### Work instructions:
Once the pictures are set aside, copy the data below exactly as it stands.

### Data below:
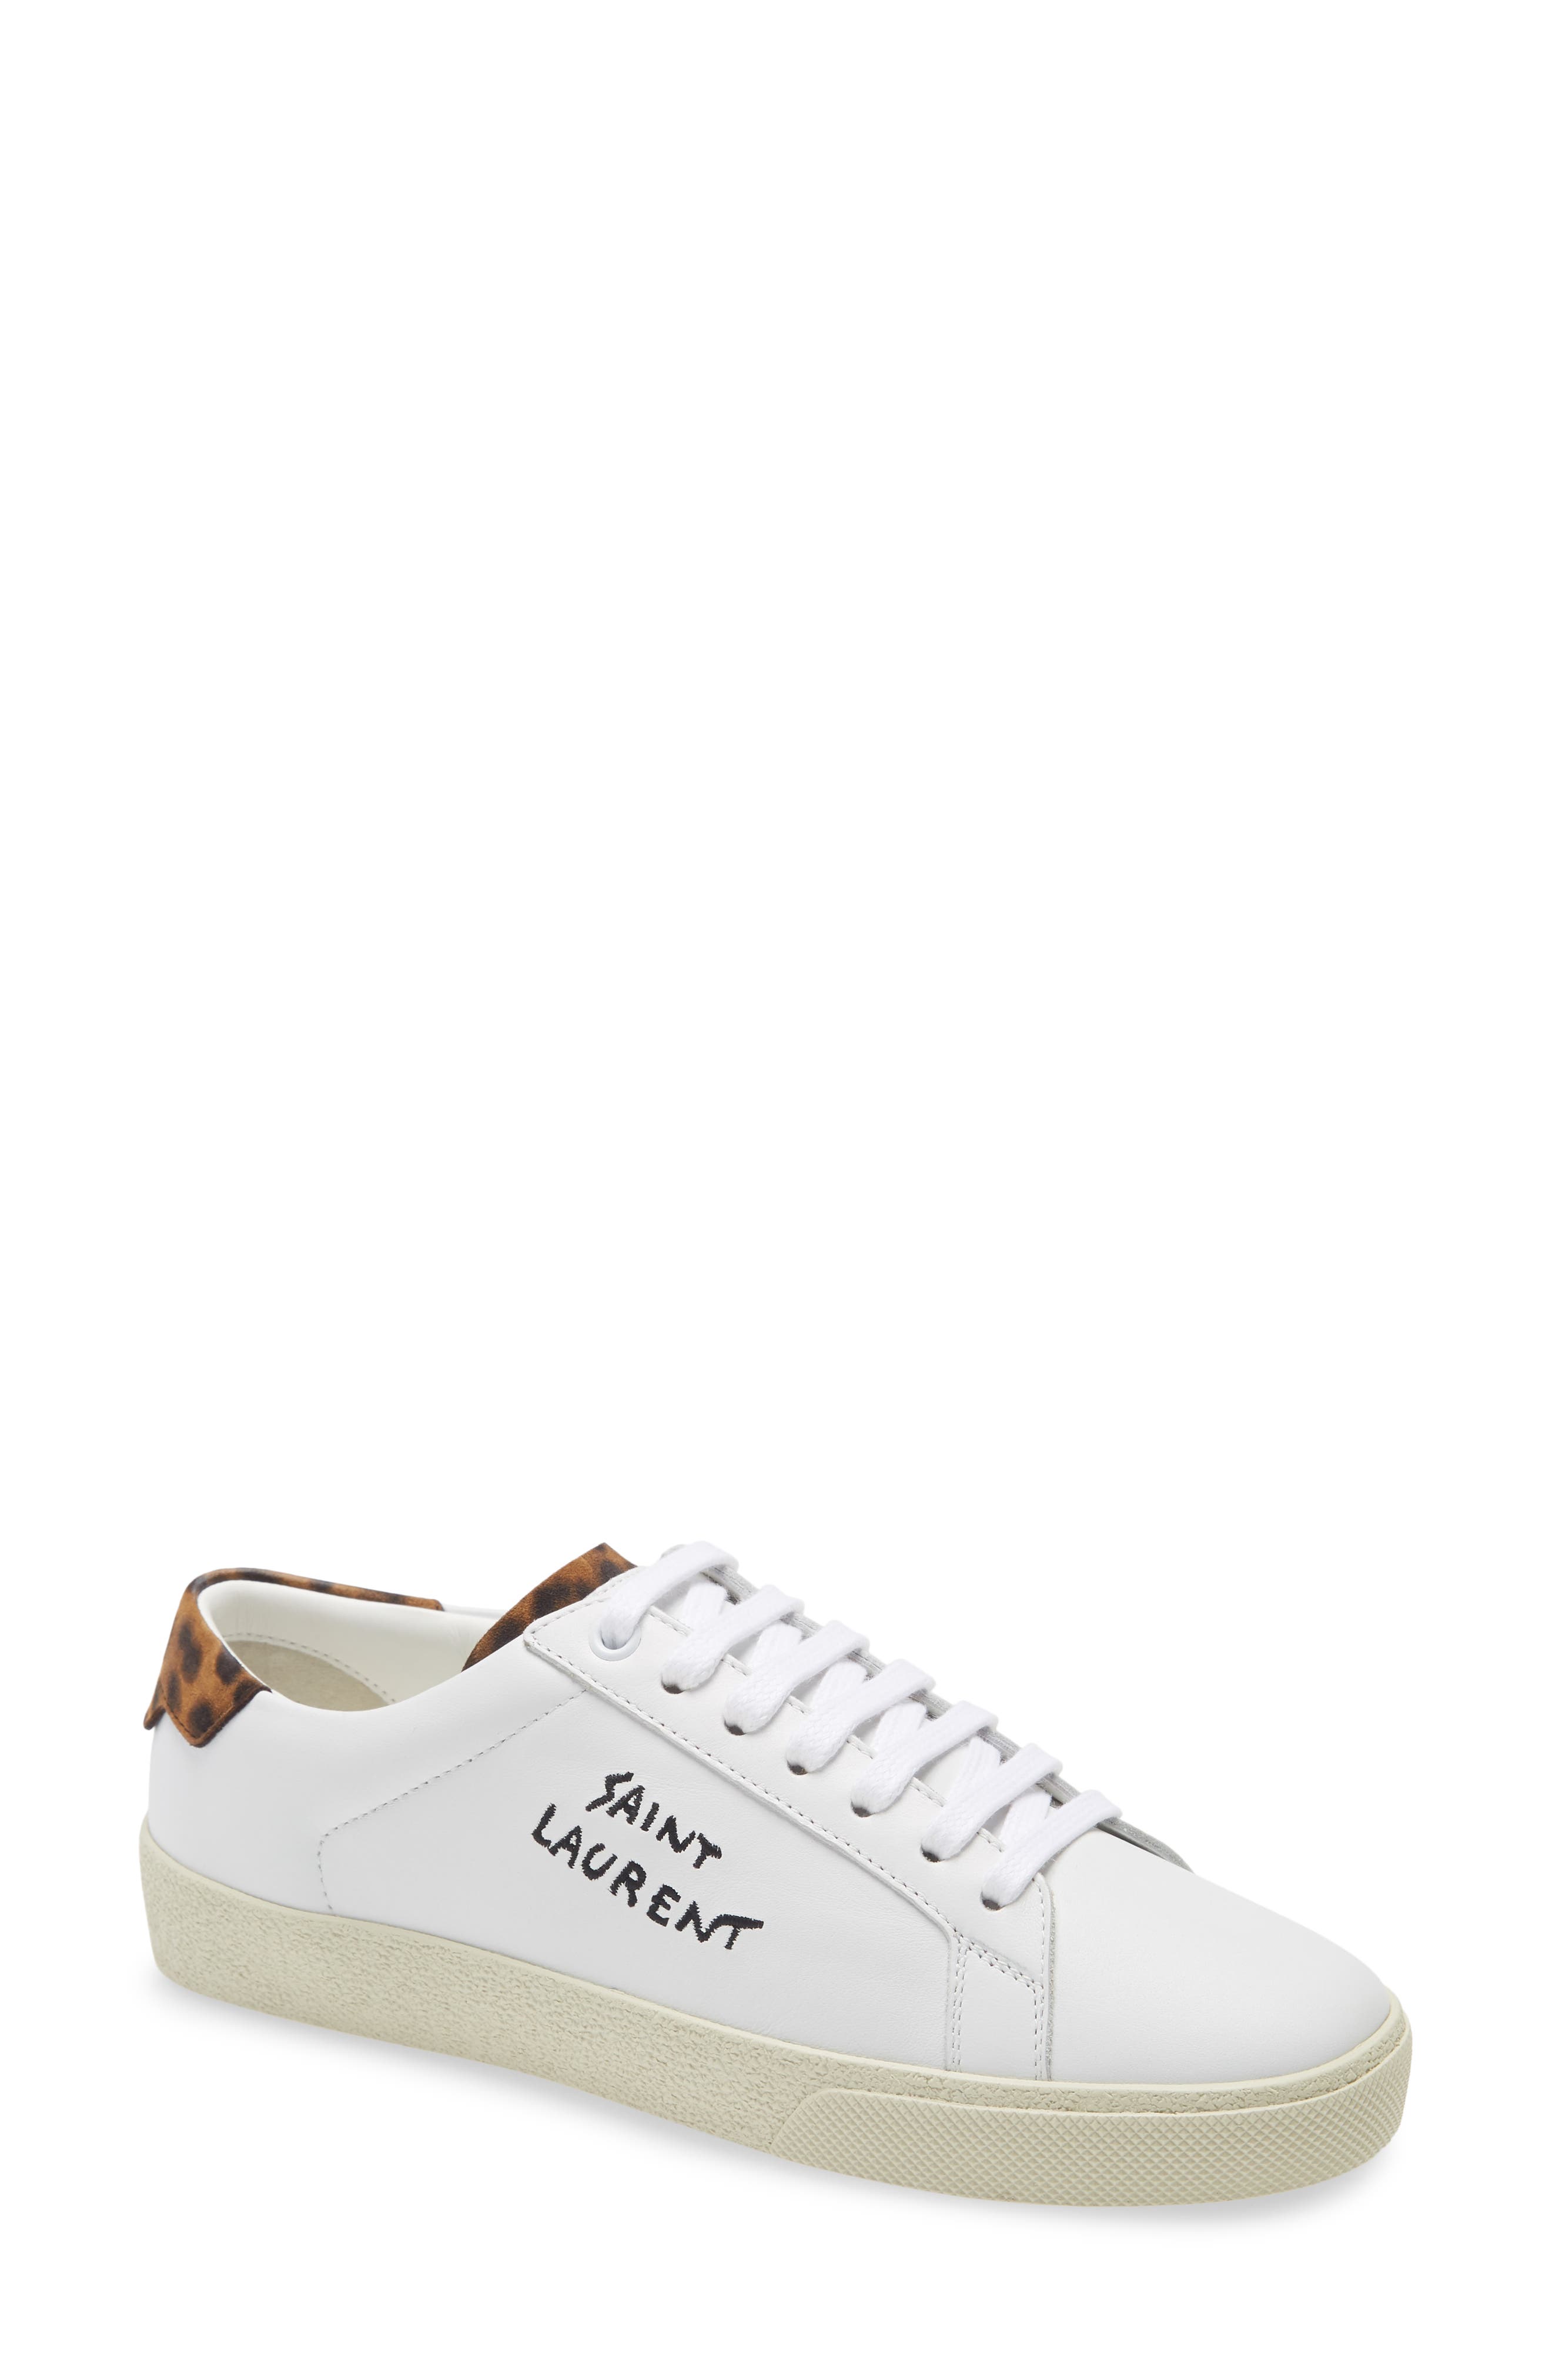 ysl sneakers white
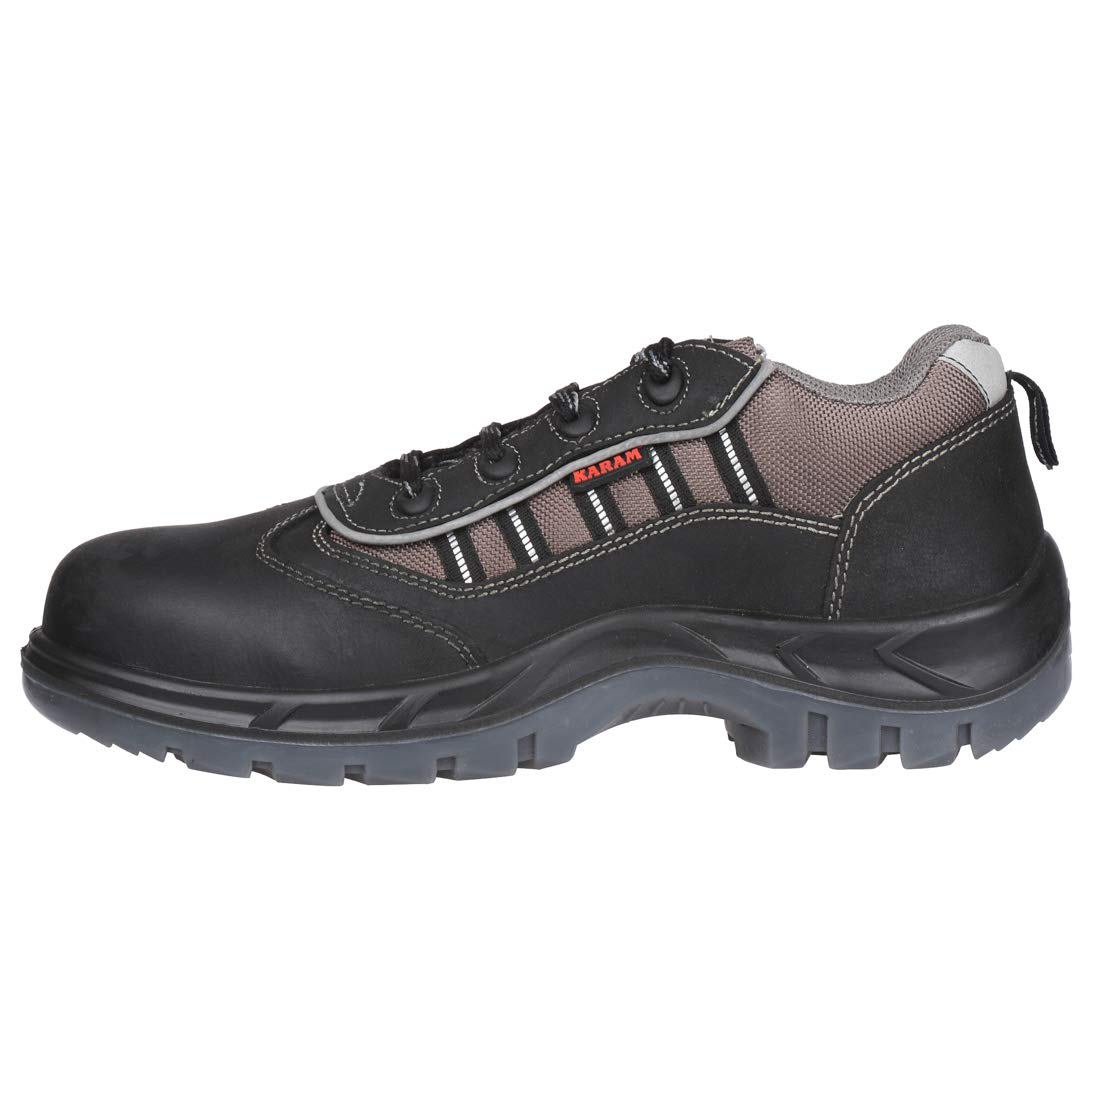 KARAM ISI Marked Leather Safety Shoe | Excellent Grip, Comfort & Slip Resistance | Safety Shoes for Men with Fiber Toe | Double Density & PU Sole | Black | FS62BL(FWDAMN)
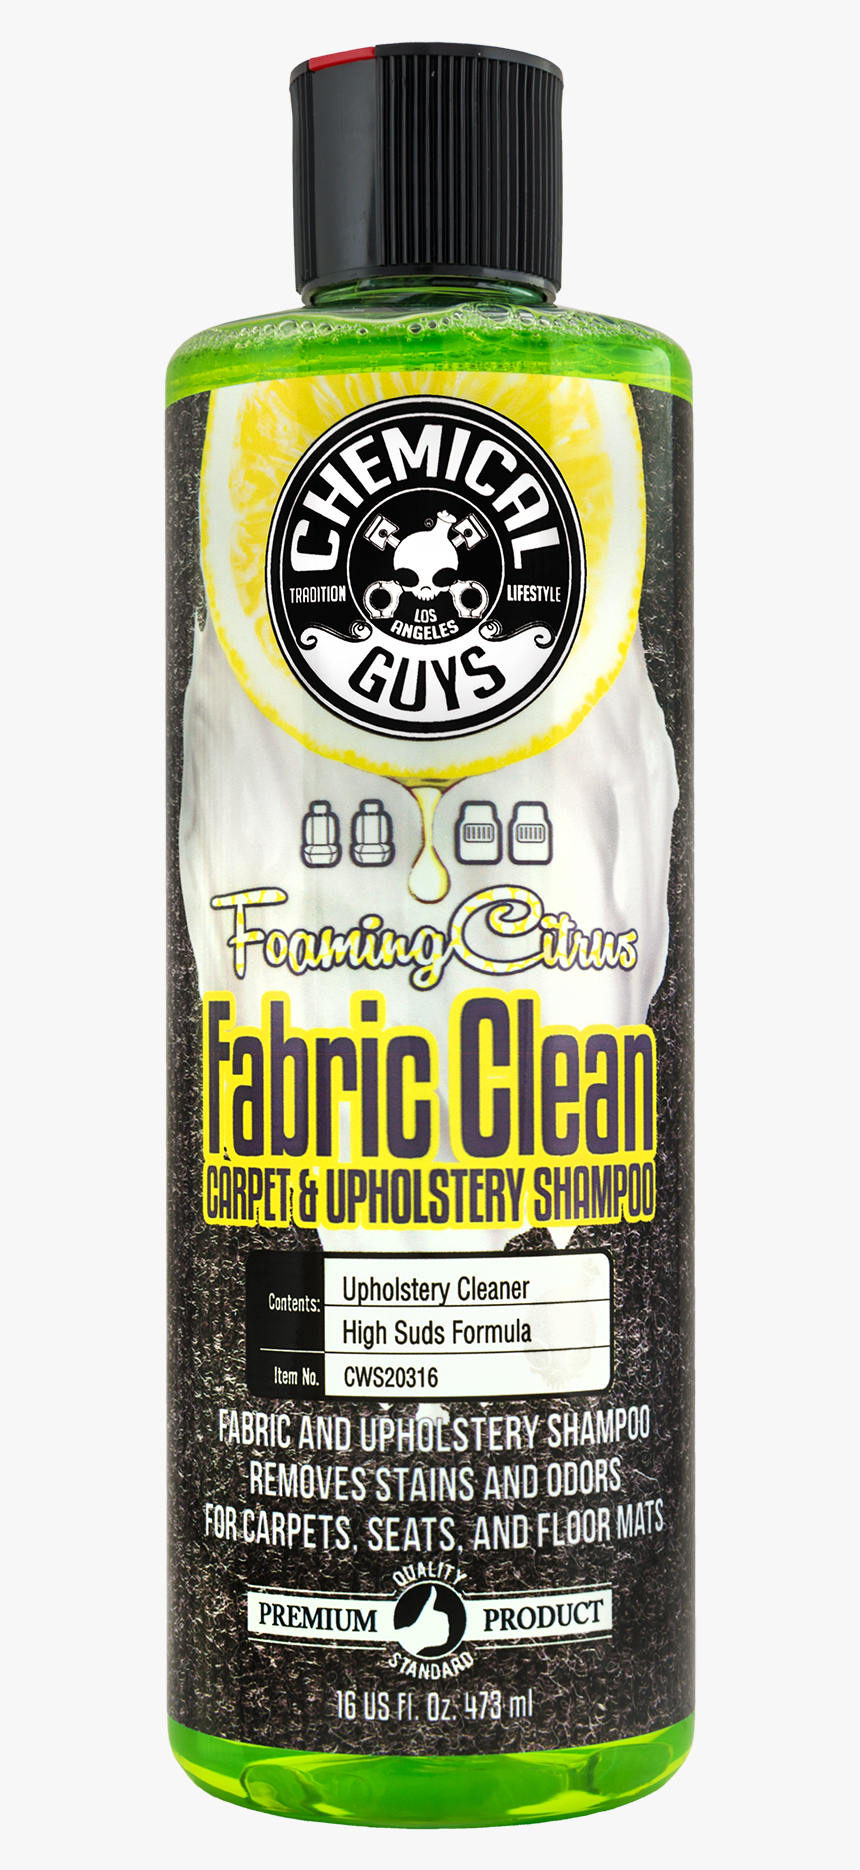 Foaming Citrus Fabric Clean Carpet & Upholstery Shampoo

### Exercise result:
 ysl sneakers white
 KARAM ISI Marked Leather Safety Shoe | Excellent Grip, Comfort & Slip Resistance | Safety Shoes for Men with Fiber Toe | Double Density & PU Sole | Black | FS62BL(FWDAMN)
 Foaming Citrus Fabric Clean Carpet & Upholstery Shampoo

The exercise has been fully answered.